Случай D. Днем поднялся шторм с чудовищными облаками пыли; моя комната выходила на крутой холм с деревьями, чьи ветви дули в одном направлении; мир, казалось, проносился мимо моих окон, как мельничный поток. От этой суматохи и движения я был сбит с толку, но не расстроен, и удивлен тем, что не расстроен; ибо даже в добром здравии сильный ветер часто оказывает болезненное влияние на мои нервы. Посреди этого я задремал. Я только что читал «Жизнь Драйдена» Скотта и был поражен тем фактом, что Драйден перевел некоторые латинские гимны, и удивлялся, что никогда не замечал их в его произведениях. Как только я заснул, мне приснилась причина, почему звук ветра и вид летящей пыли не расстроили меня. Ветра, казалось, не было, не было пыли; это был только Драйден, поющий свои переведенные гимны в одном направлении, и все те, кто винил и атаковал его после Революции, поющие их в другом. Этот момент двух направлений очень странен и безумен. Отчасти это означало, что Драйден непрерывно пролетал мимо, но никогда не проходил мимо моего окна в направлении ветра и пыли, и все его хулители так же пролетали мимо, но не проходили в другую сторону. Но это применялось, кроме того, как к словам, так и к музыке способом, совершенно не поддающимся выражению.

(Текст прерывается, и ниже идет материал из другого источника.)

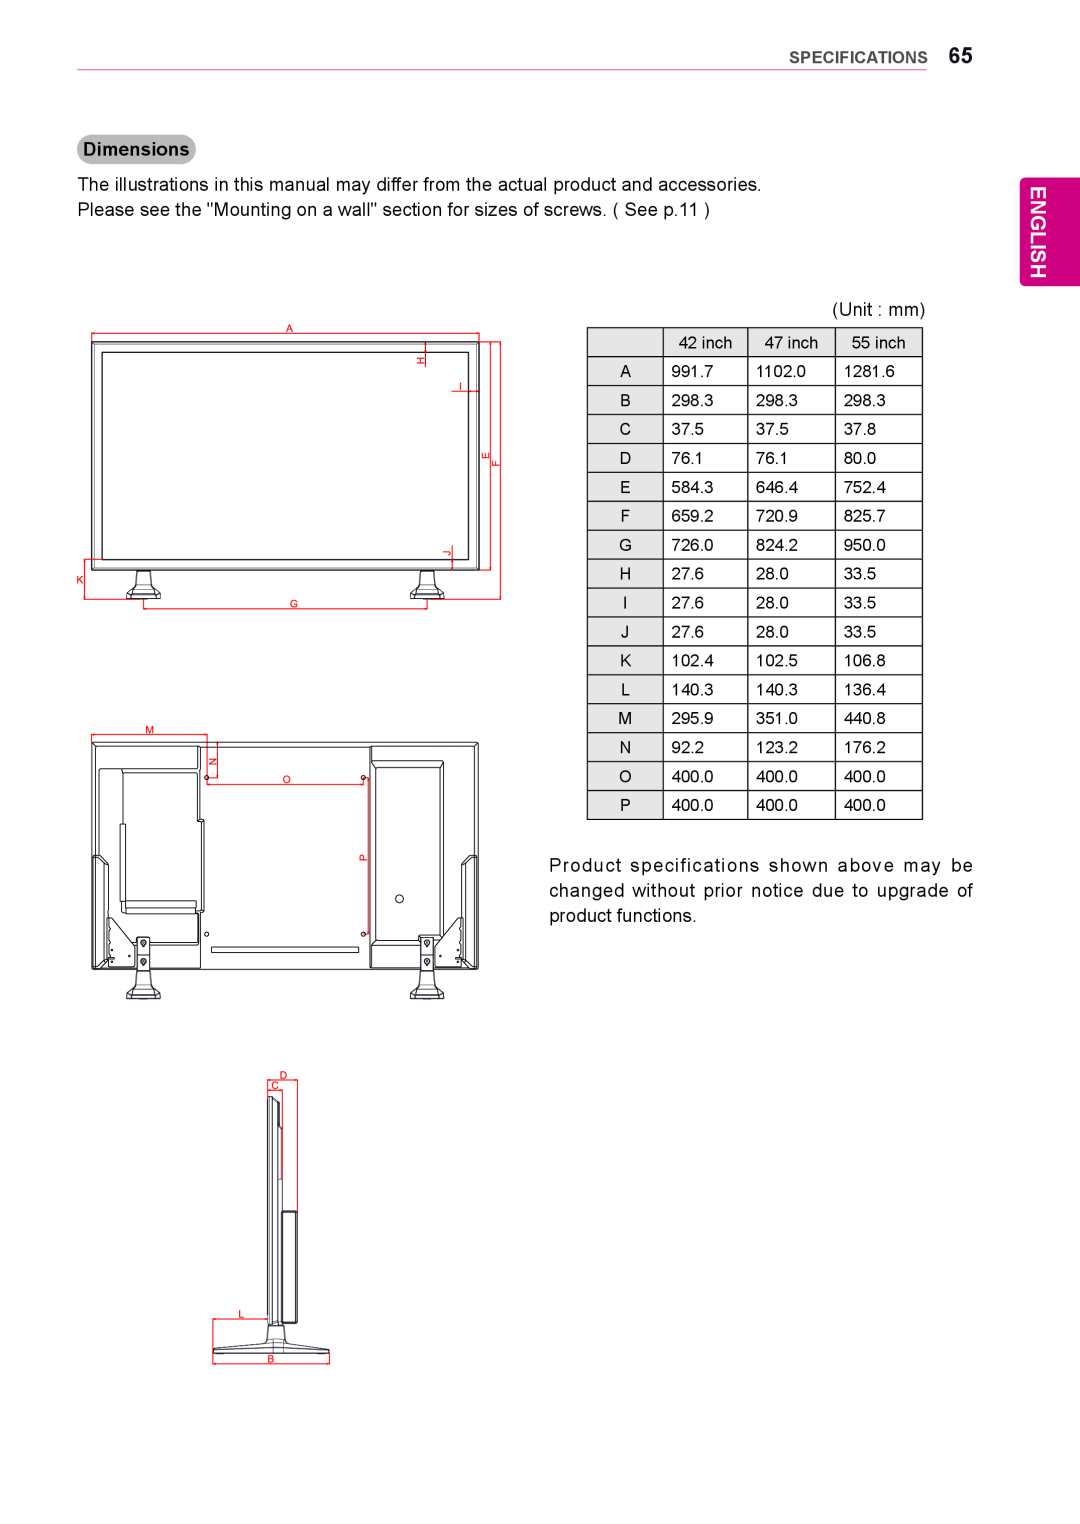 LG Electronics 55WS10, 42WS10, 47WS10 owner manual English, Dimensions, Specifications 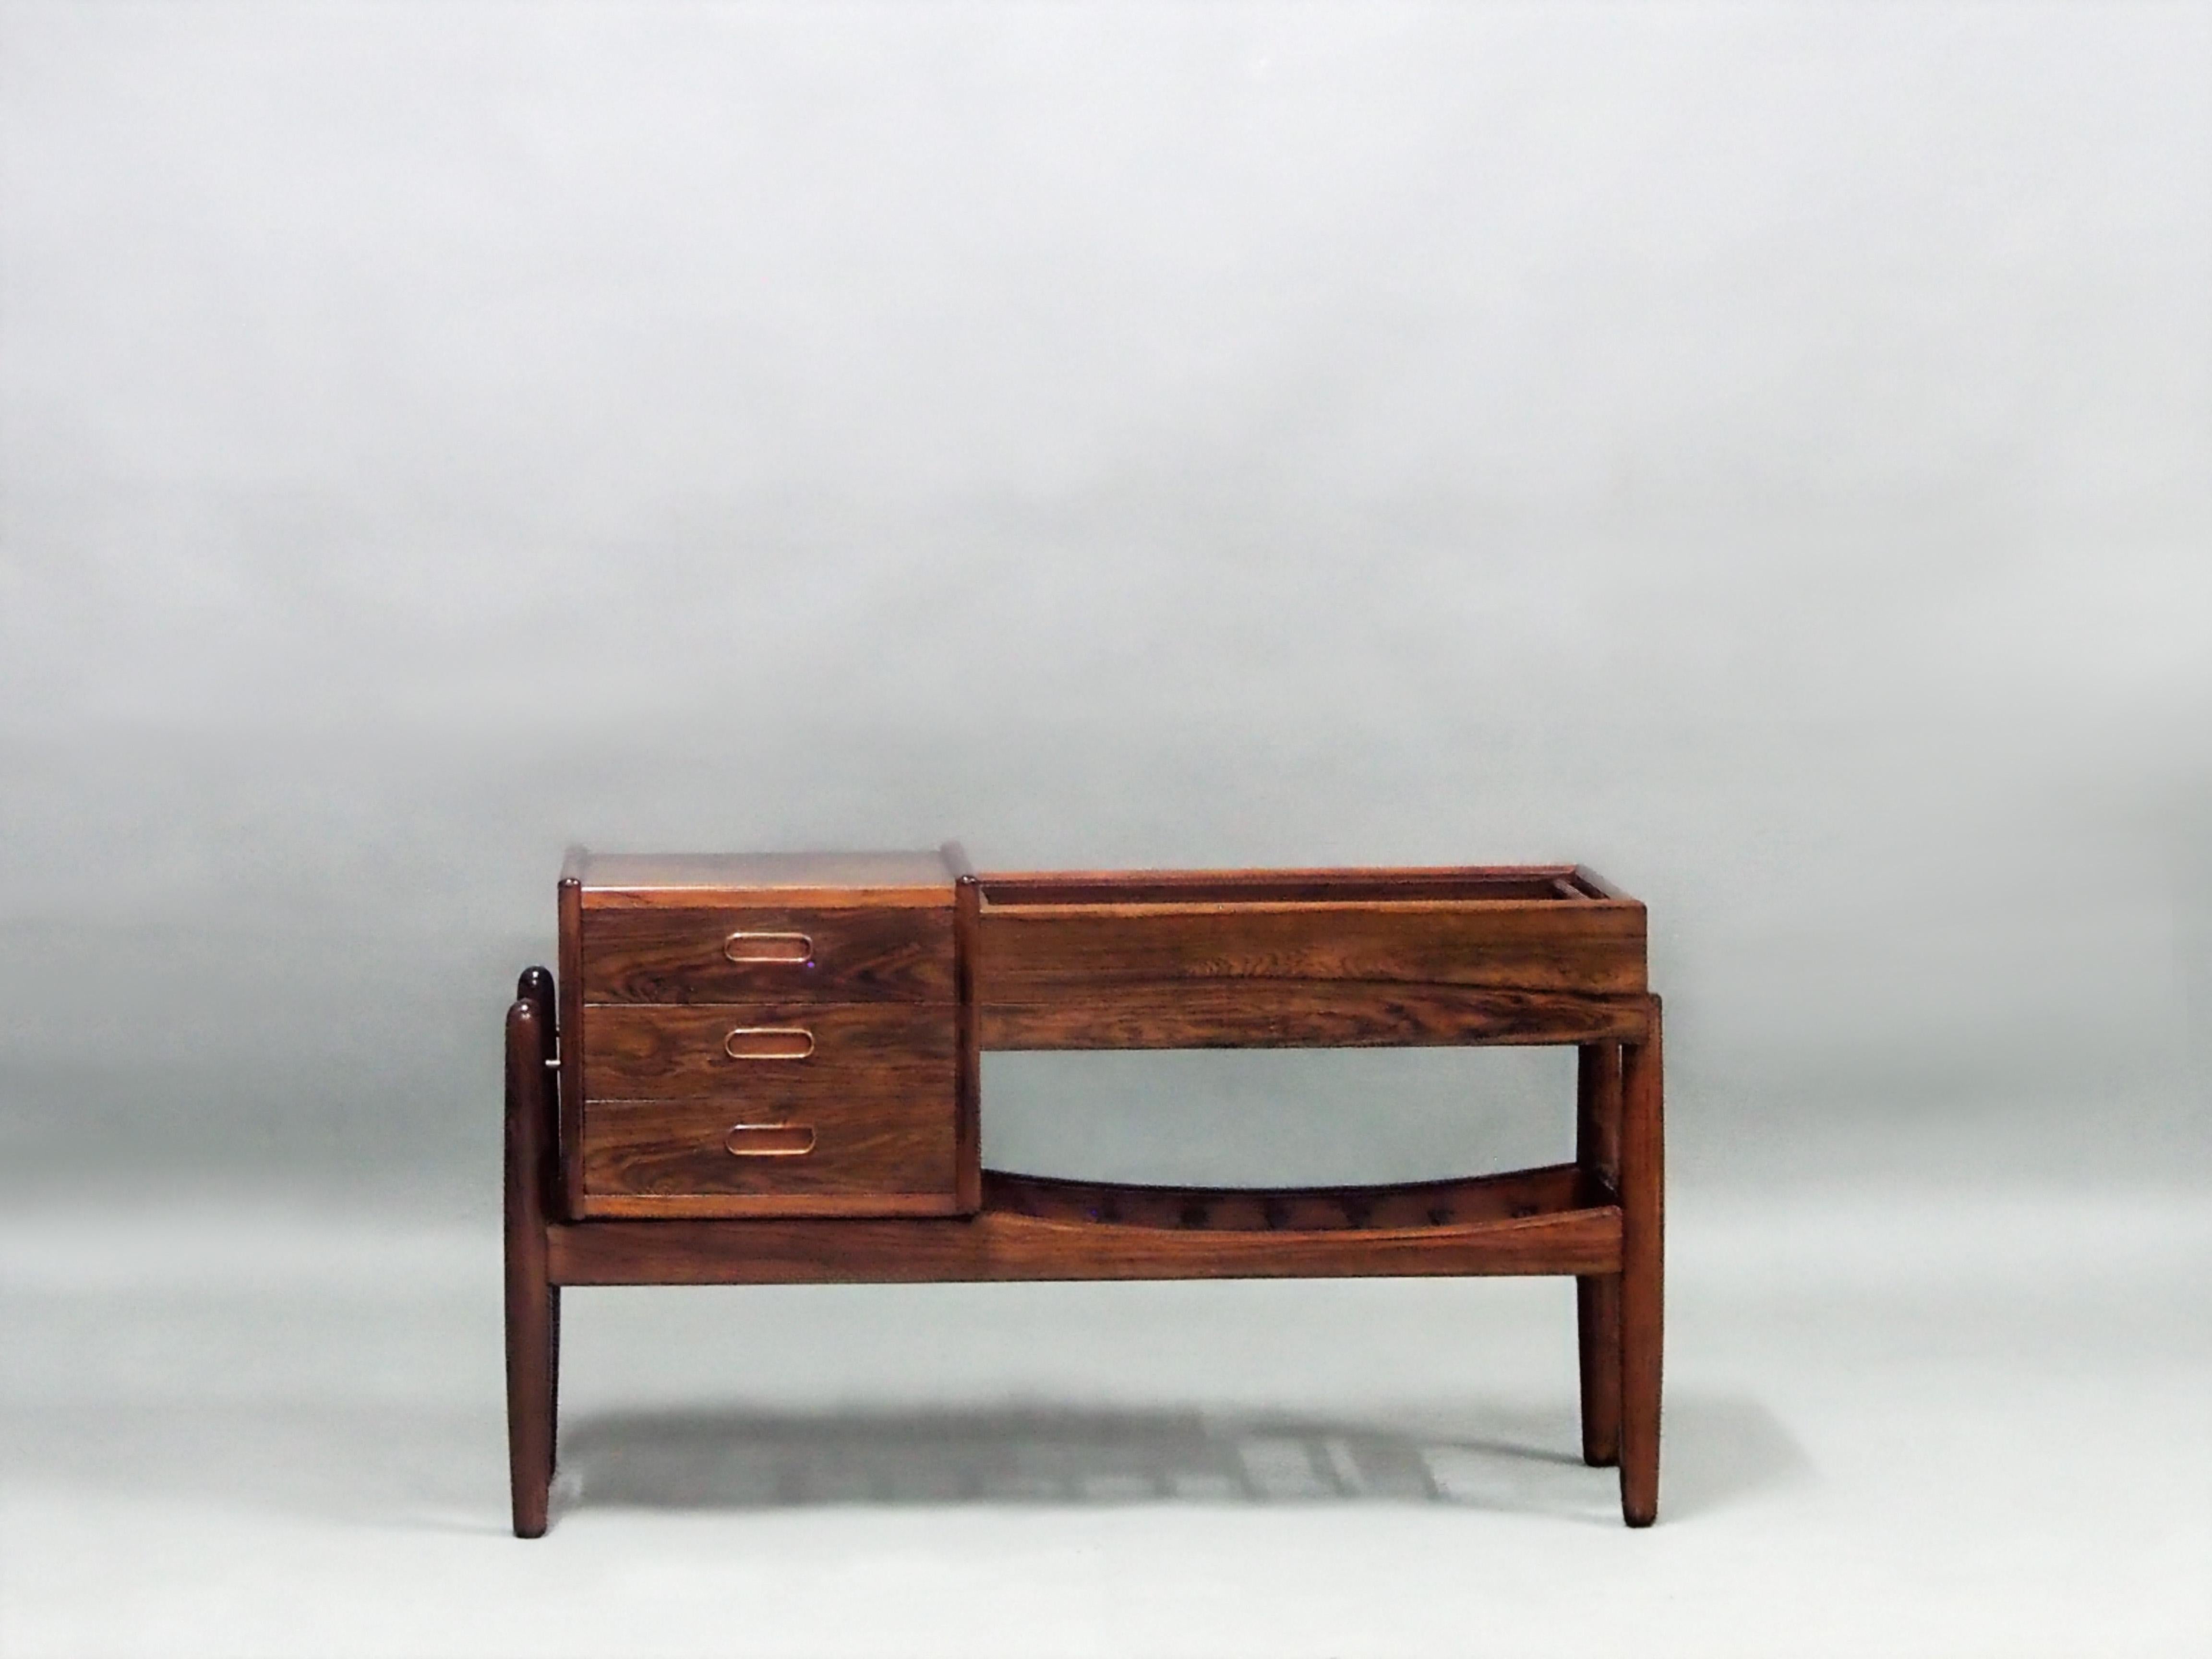 Arne Wahl Iversen Rosewood Planter console table.

Это был сон; и все же как точно он воспроизводит метод моего другого малого, пока я бодрствовал. Вот объяснение состояния ума или тела, найденное в ткани неистового, сложного и невыразимого безумия. — Искренне ваш.
Роберт Льюис Стивенсон.
II. B. Хорошим примером применения истинно научного метода к проблемам, которые врачи старой школы не считали достойными своей науки, является лечение доктором Жане одной своеобразной проблемы, которую ошибки грубого невежества в старые времена превратили в подлинный бич нашего рода. Я говорю о демонической одержимости, в каковой немощи доктор Жане показал себя лучшим экзорцистом, чем церковные.